Smith ran the thirsty-plants problem by Toby Mancini, horticulture director for the garden.

"Toby came to the store and created a design for the space," Smith said. It included plants native to Boise.

"He then lined up the professionals that got the job done," said Smith, adding that the grounds now are irrigated through a drip system. That's a low-pressure, low-volume watering system, in contrast to the drenching that the grounds previously needed and got.

Both the new plants and a partnership blossomed: The dealership has become a major contributor to the garden.

"Rather than sponsor a single event, we are a part of the garden and its mission to provide a full garden experience for all ages," Smith said.

The dealership displays a new vehicle at all Great Garden Escapes, a concert series that runs every Thursday from late spring to early fall. "We had a new Subaru Forester with eyelashes and spots at the garden for the bug day event, and we will have cars at all other events throughout the year," Smith said.

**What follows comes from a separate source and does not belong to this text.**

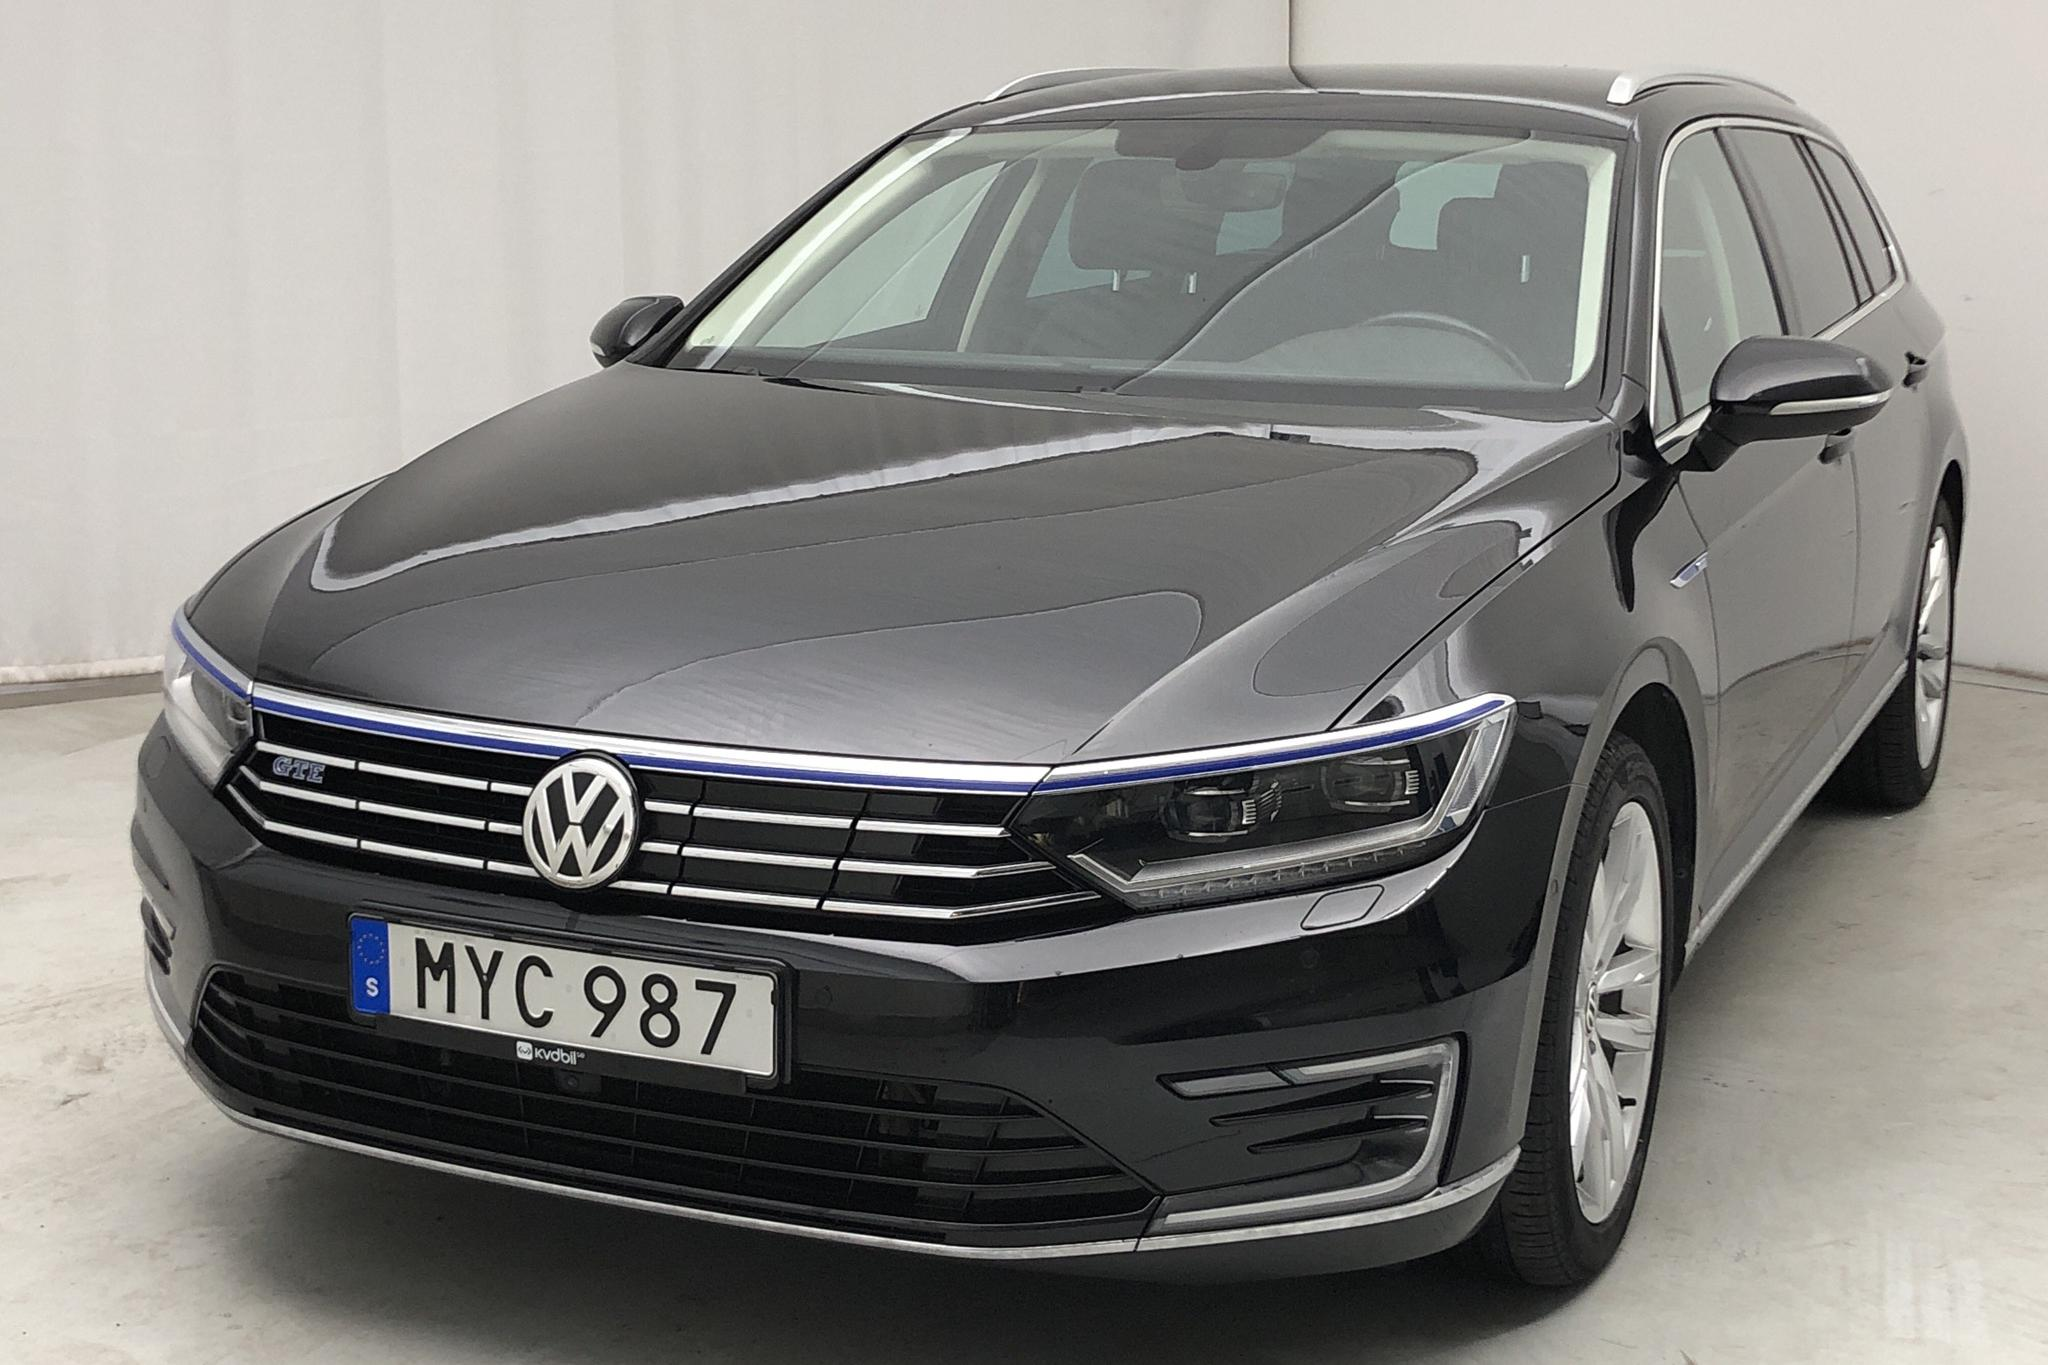 VW Passat 1.4 Plug-in-Hybrid Sportscombi (218hk) - 57 000 km - Automatic - black - 2017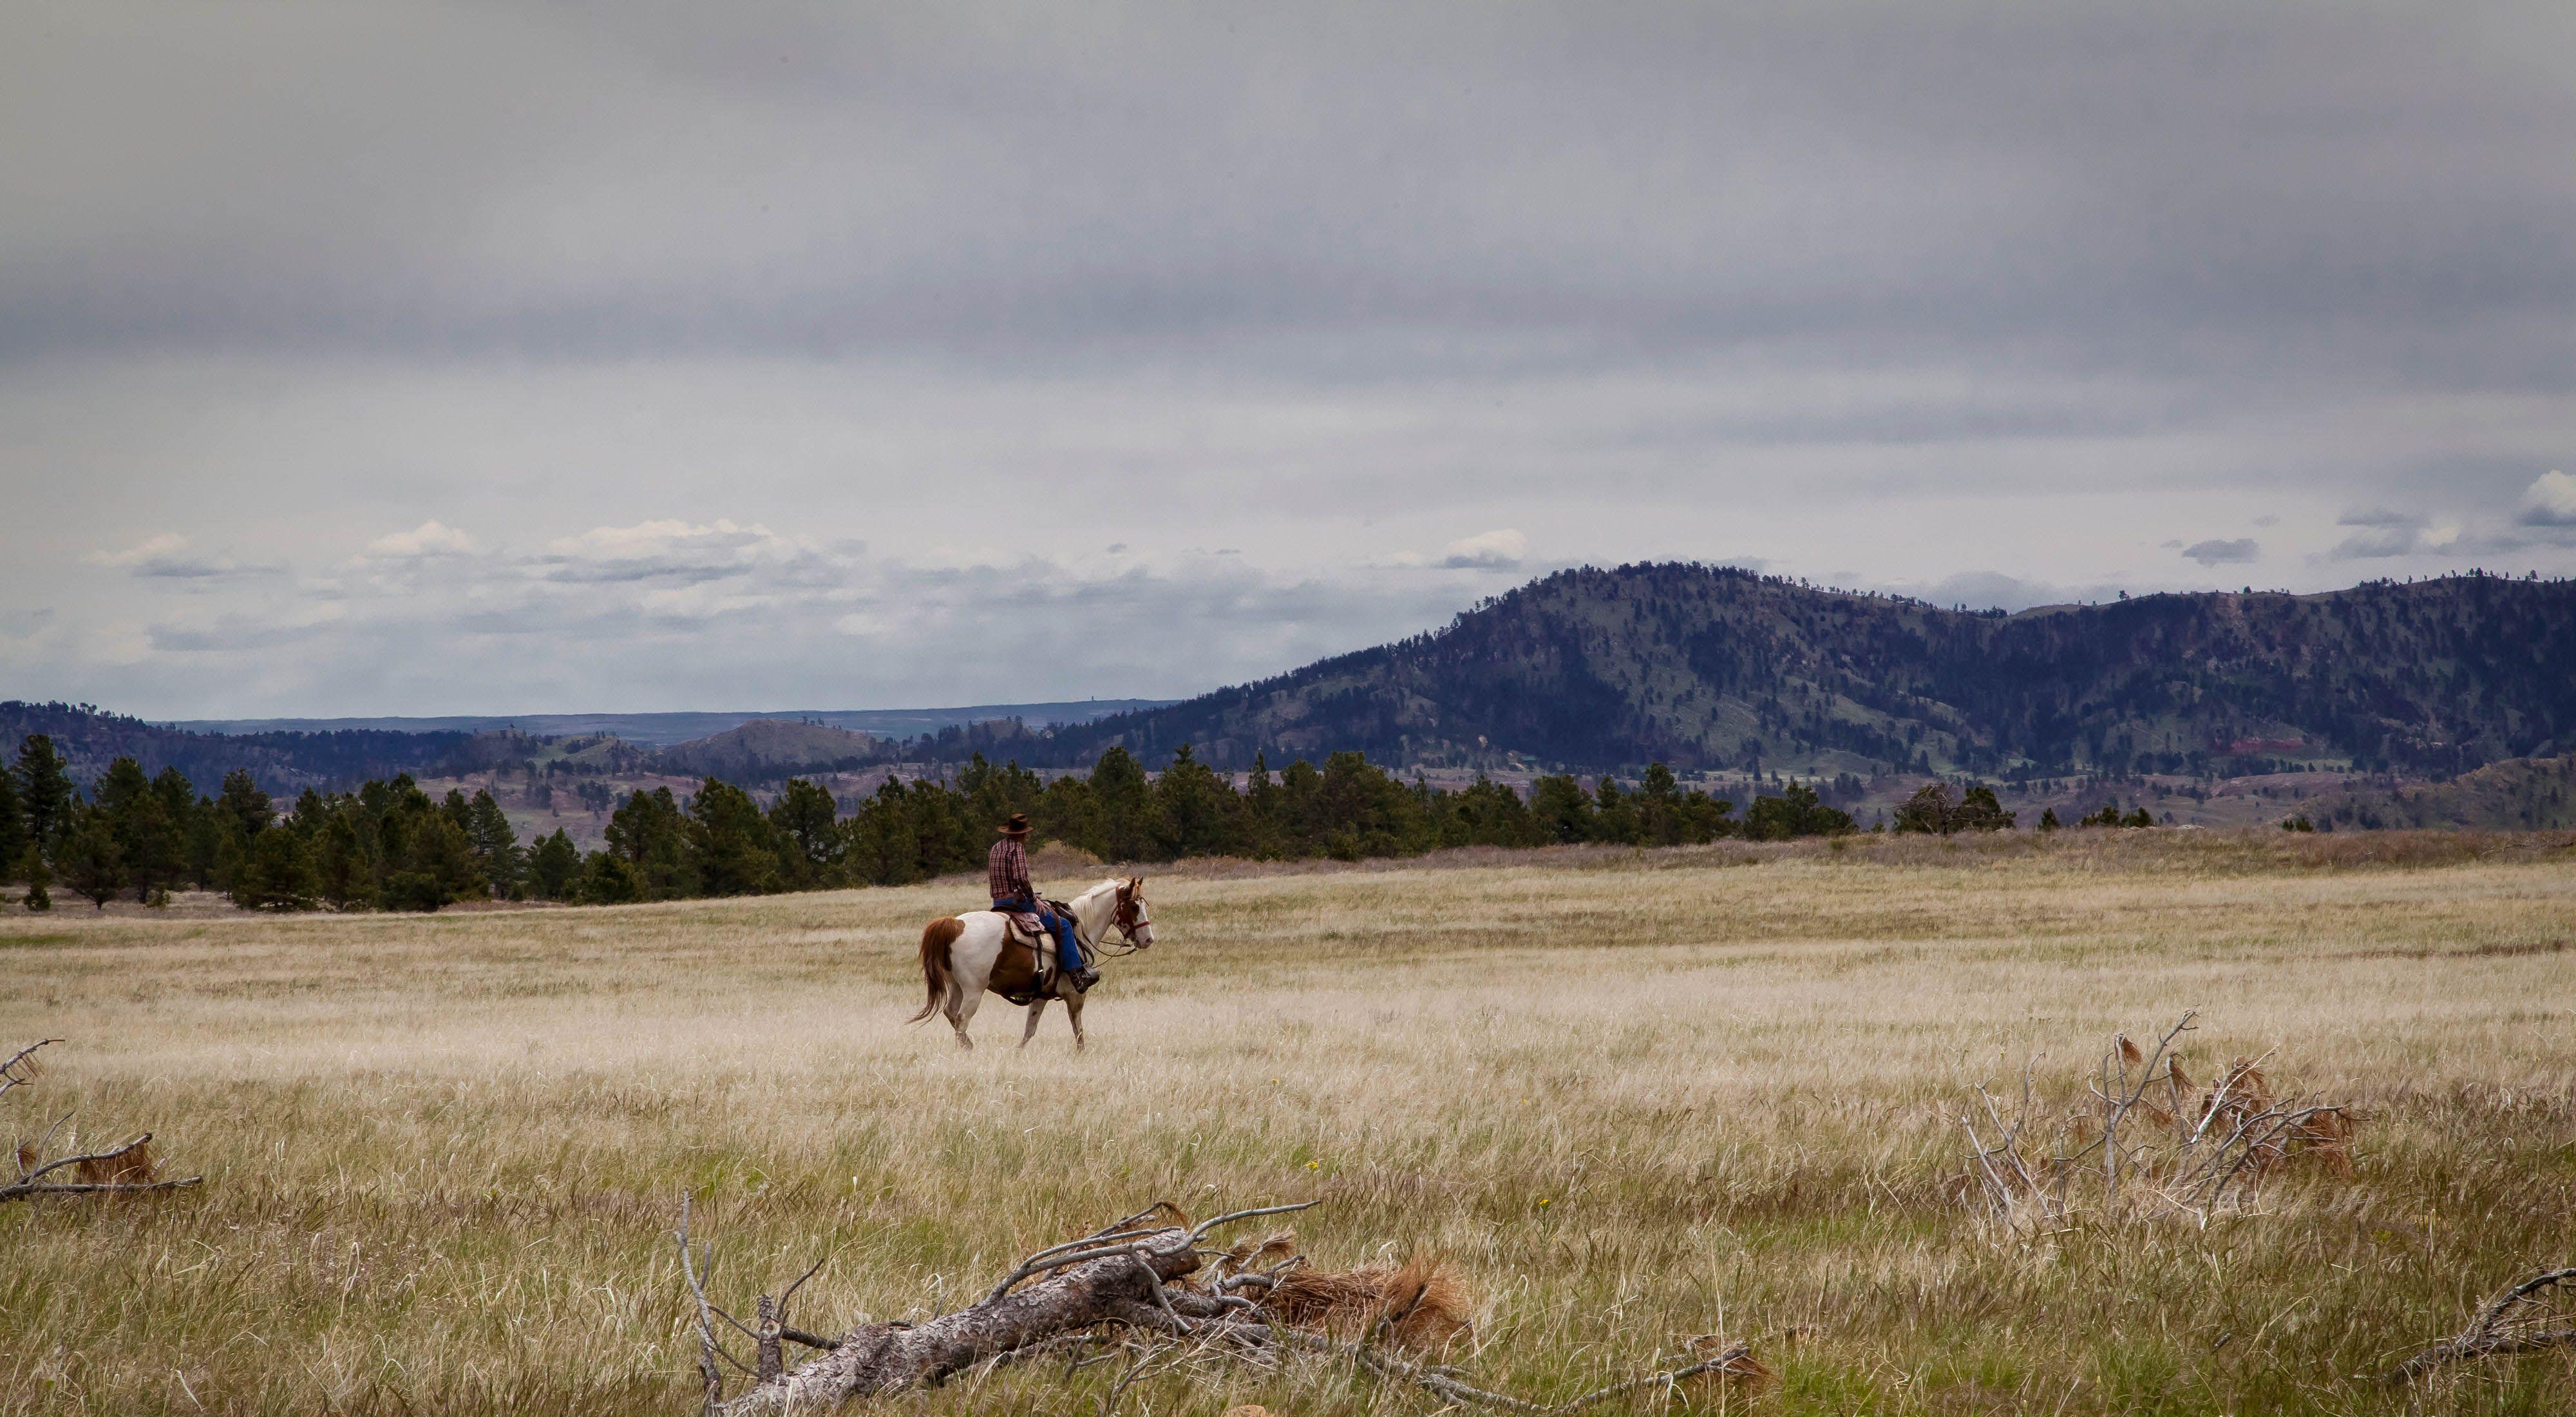 A person rides a horse through the Black Hills grasslands.

General Manager Ty Leuthold said the dealership provides tickets to garden events to staff and others through its Facebook page. "We understand the importance of taking care of our community," Leuthold said.

Smith admits there is one outdoor plot at the dealership that's not ecologically correct: the vegetable garden near the service area. Water-thirsty tomatoes thrive here, and customers ask for them when they bring their cars in. It's a tradition, he says.

Saving natural resources is not limited to landscaping. Solar panels on the south side of the showroom gather power for its charging desks built from used pallets from fixed operations. The bar-height desk area can be used by waiting customers to charge their electronic devices.

And last spring, to commemorate founder Larry H. Miller's birthday, staff members spent part of a day at the Boise Bicycle Project refurbishing bikes or, in many cases, building them from used parts, promoting pollution-free transportation while enjoying a chance to learn new skills -- and get greasy.